Exercise:
Could you give the listing again exactly, without its pictures?

Dataset excerpt:

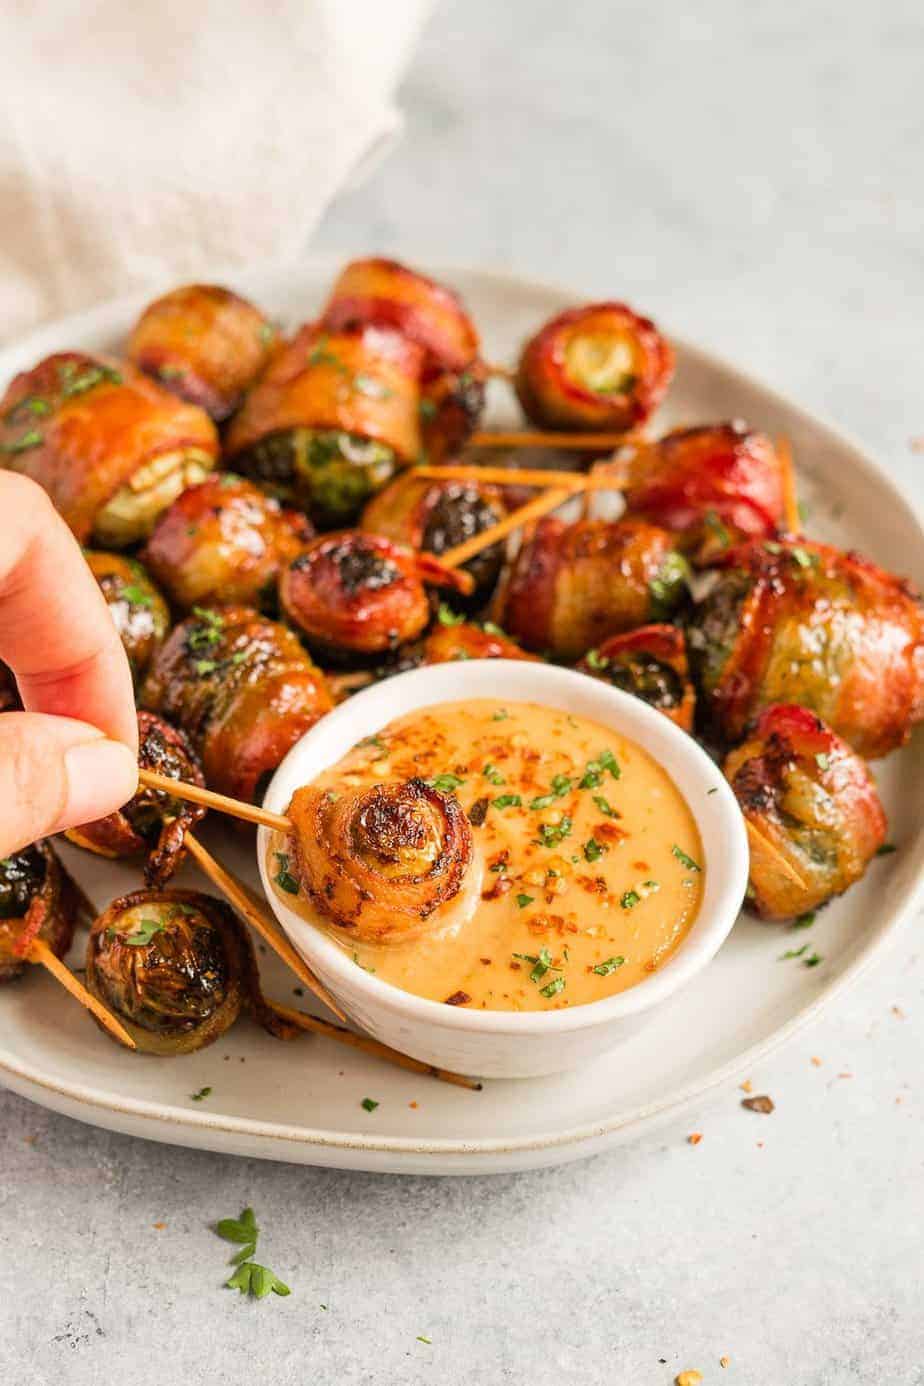 Dipping one bacon wrapped Brussels sprout in the tahini sauce.
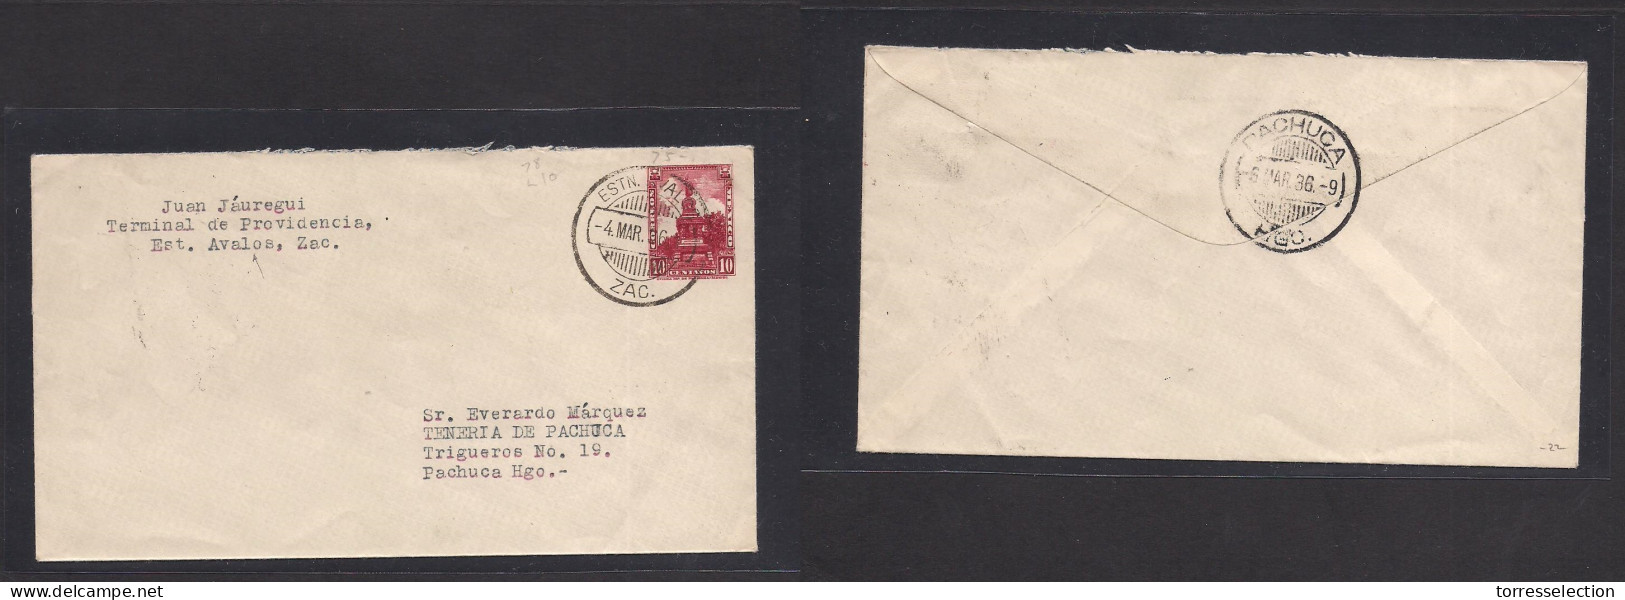 MEXICO - Stationery. 1936 (4 March) Est. Avalos, Zac - Pachuca 10c Red Stat Env. Fine Used. XSALE. - Mexico
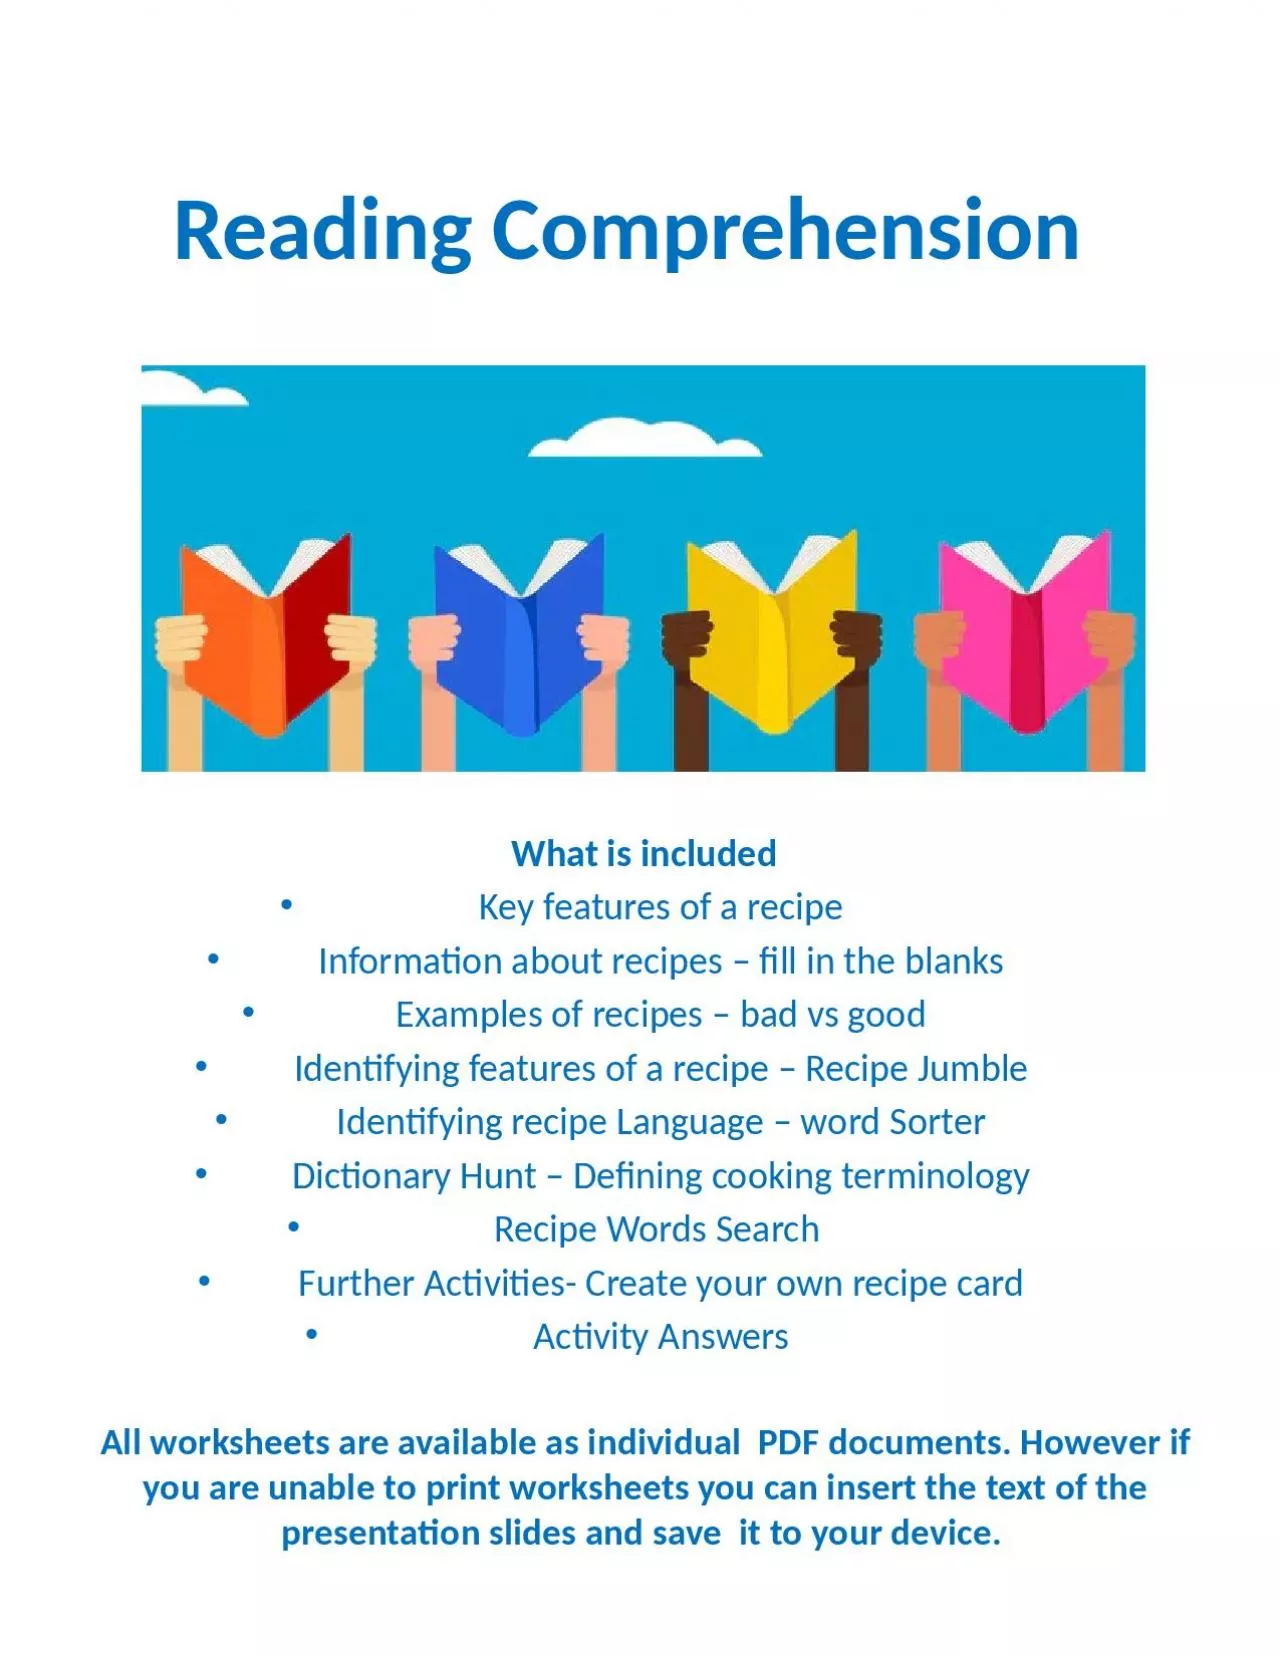 Reading Comprehension What is included

Solution for this exercise:
 Dipping one bacon wrapped Brussels sprout in the tahini sauce.
 MEXICO - Stationery. 1936 (4 March) Est. Avalos, Zac - Pachuca 10c Red Stat Env. Fine Used. XSALE. - Mexico
 Reading Comprehension What is included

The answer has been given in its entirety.